# [Your task]
The reply should contain all the data below, repeated exactly, and none of the images.

# [Given data]
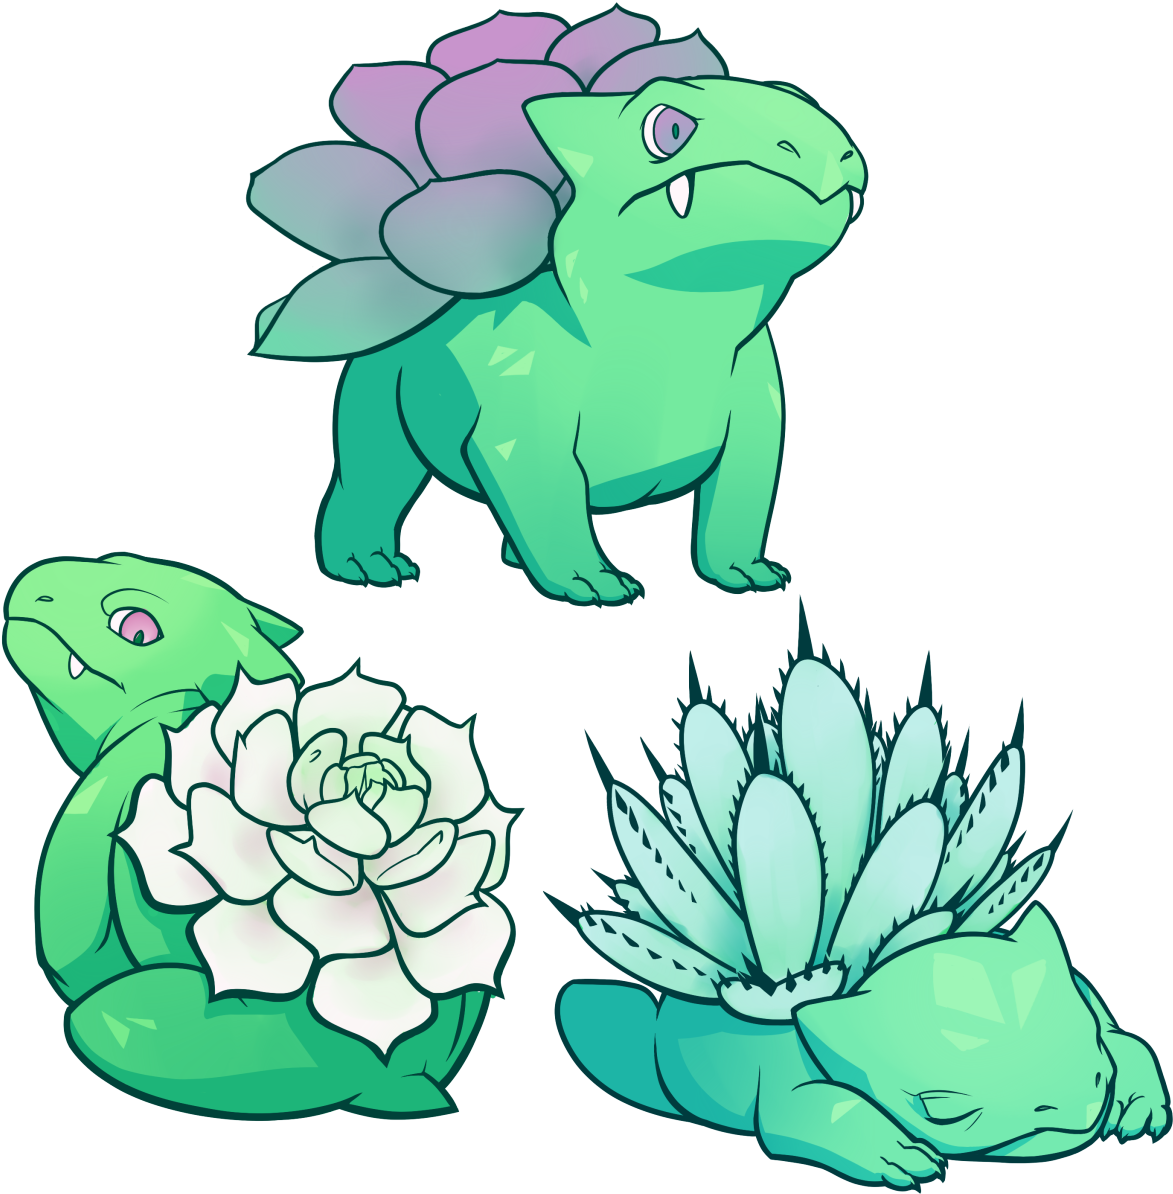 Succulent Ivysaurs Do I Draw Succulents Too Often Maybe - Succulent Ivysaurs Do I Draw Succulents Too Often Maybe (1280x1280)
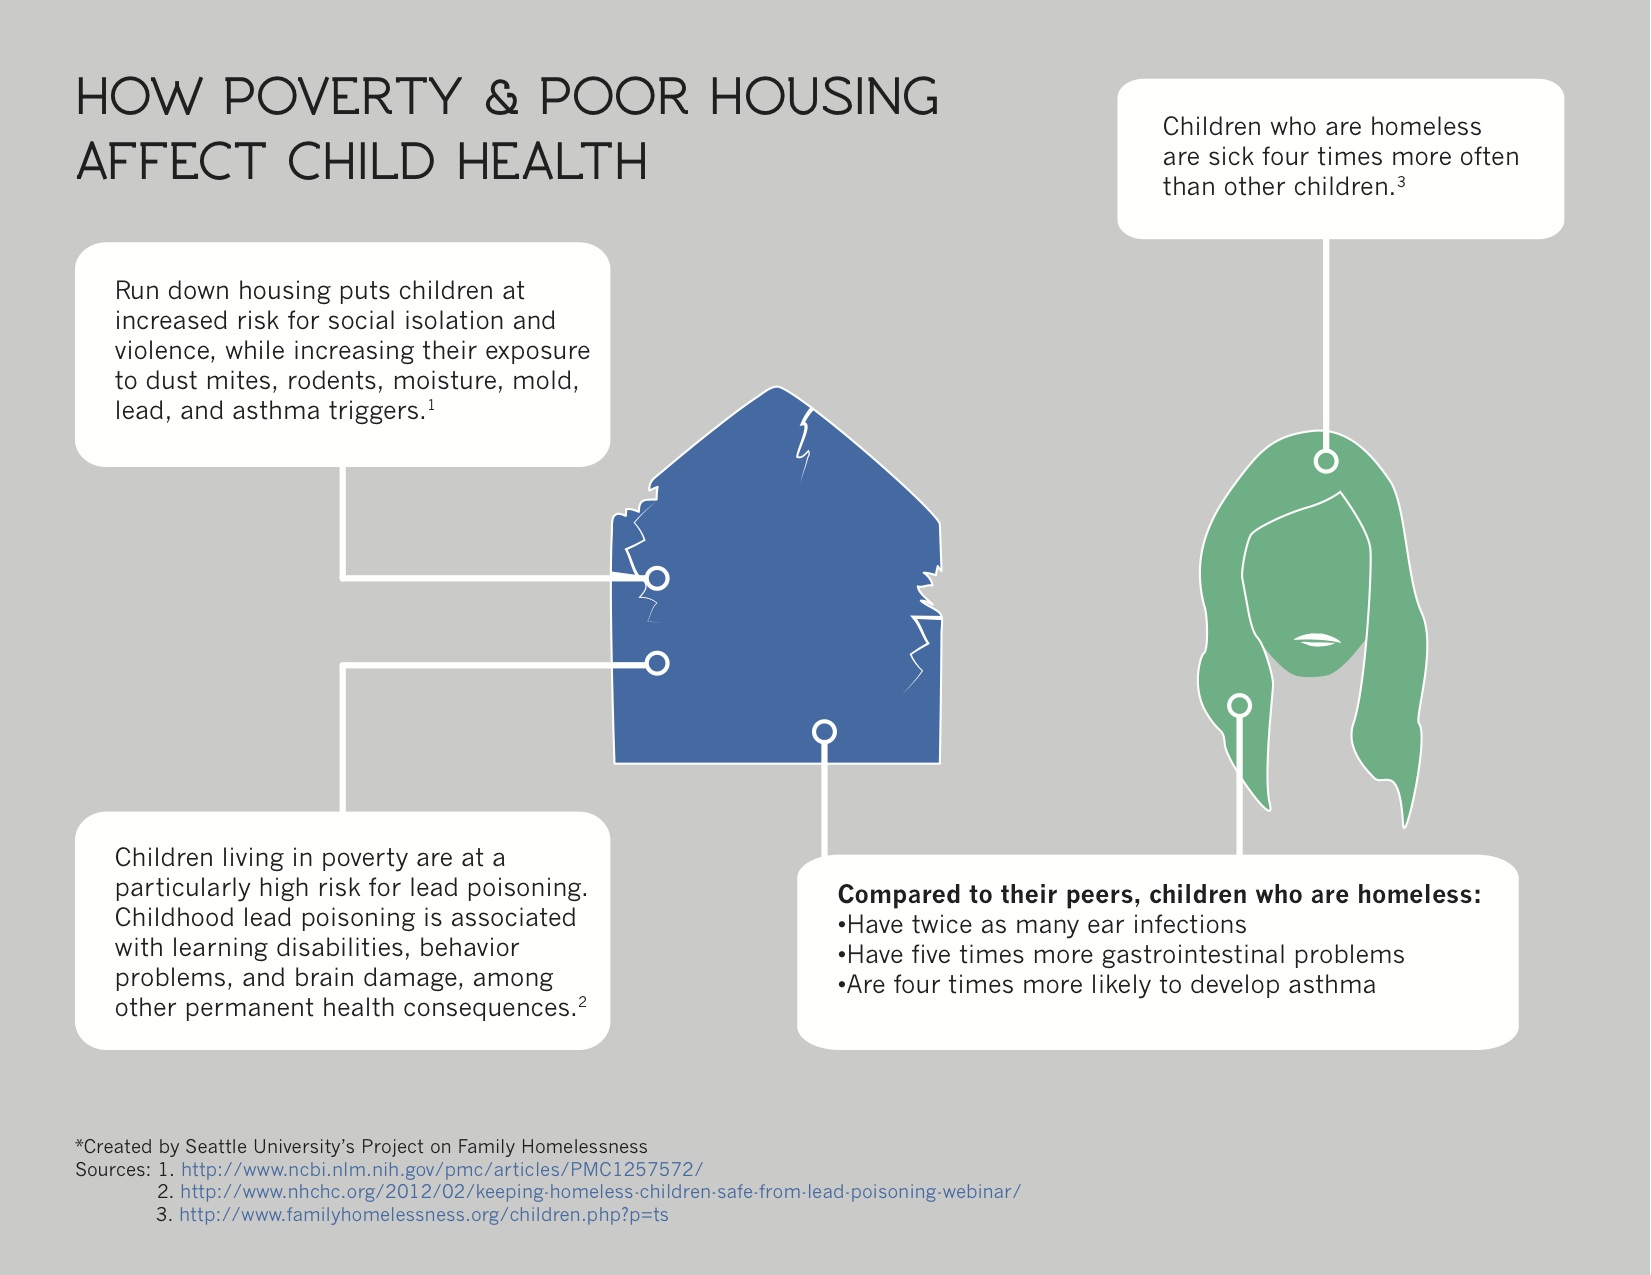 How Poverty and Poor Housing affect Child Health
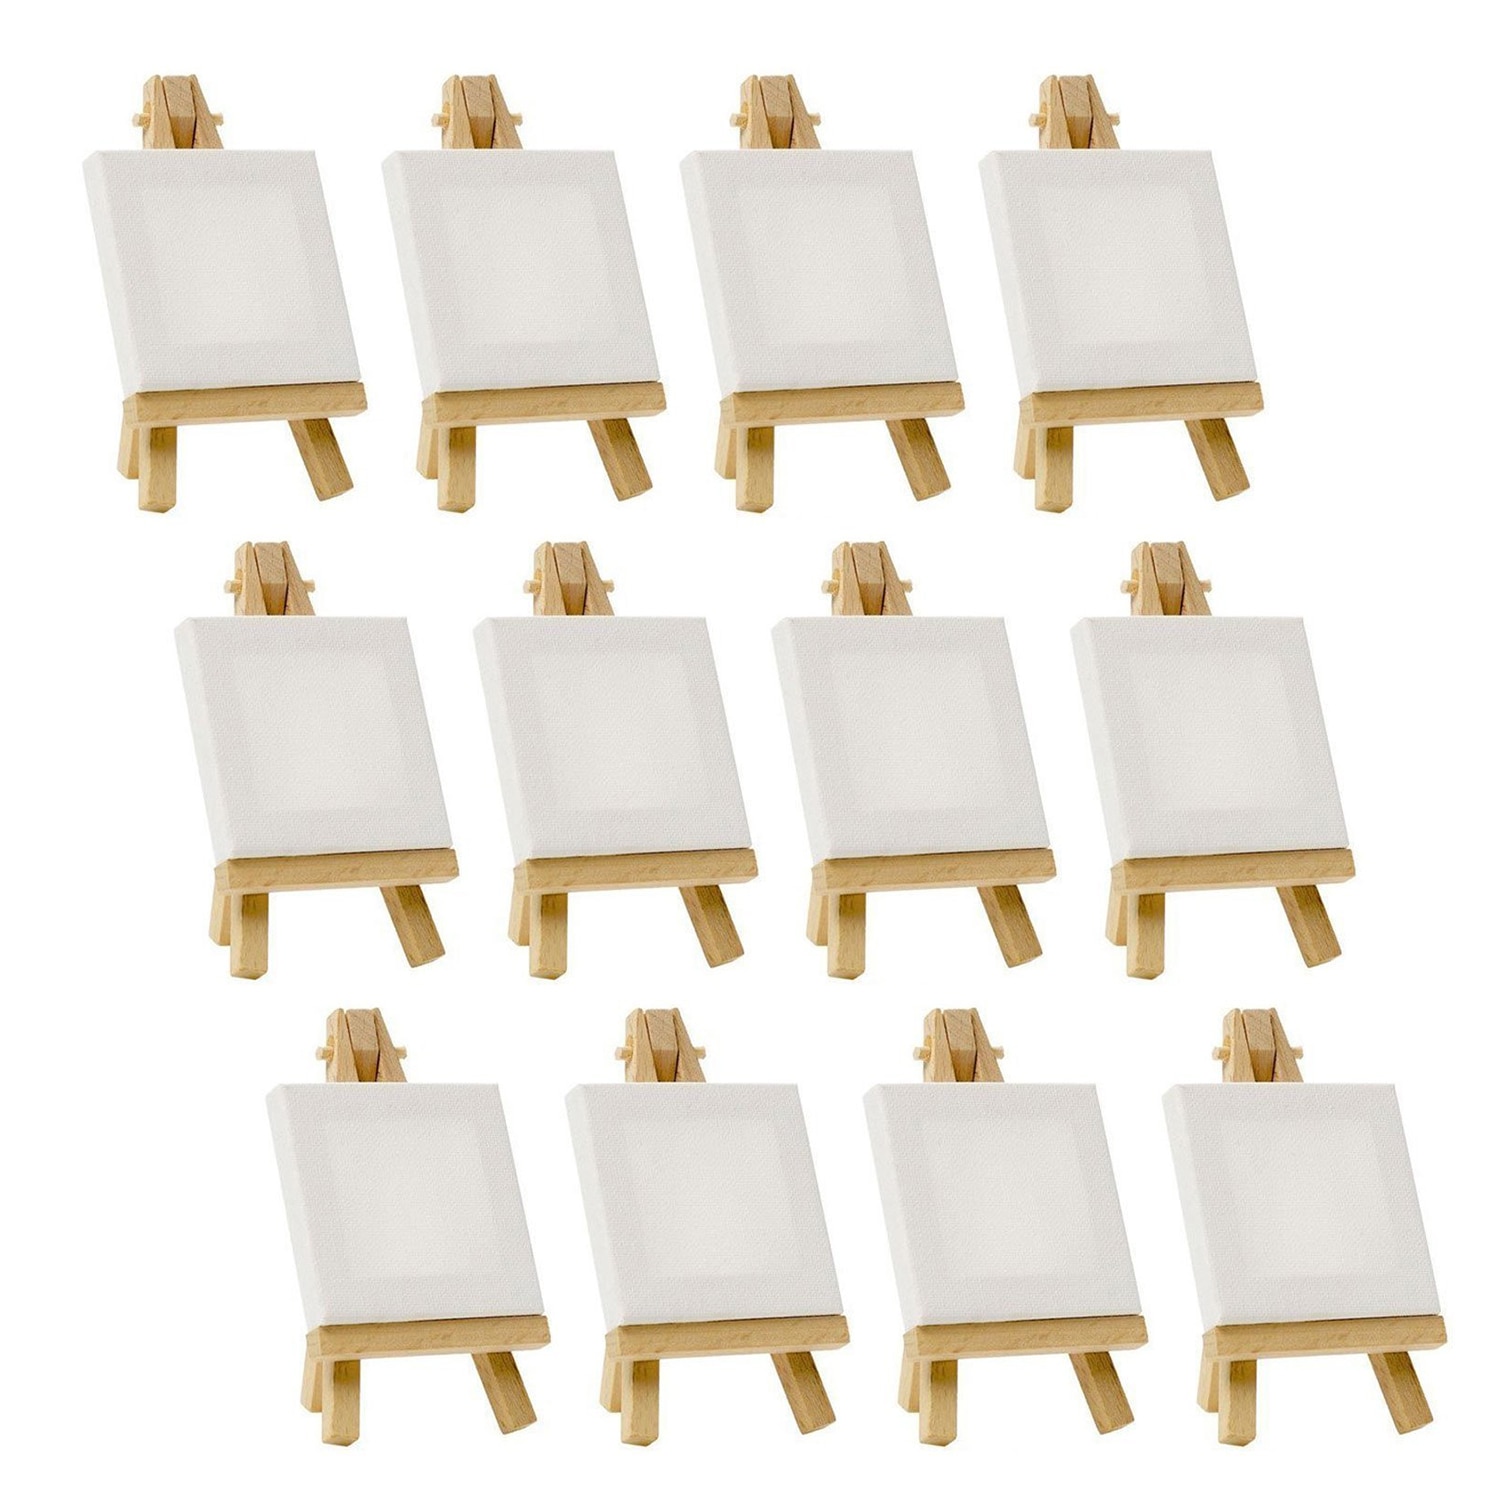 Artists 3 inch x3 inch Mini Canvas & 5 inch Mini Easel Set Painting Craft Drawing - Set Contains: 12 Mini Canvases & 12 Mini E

# [Task result]
 Succulent Ivysaurs Do I Draw Succulents Too Often Maybe - Succulent Ivysaurs Do I Draw Succulents Too Often Maybe (1280x1280)
 How Poverty and Poor Housing affect Child Health
 Artists 3 inch x3 inch Mini Canvas & 5 inch Mini Easel Set Painting Craft Drawing - Set Contains: 12 Mini Canvases & 12 Mini E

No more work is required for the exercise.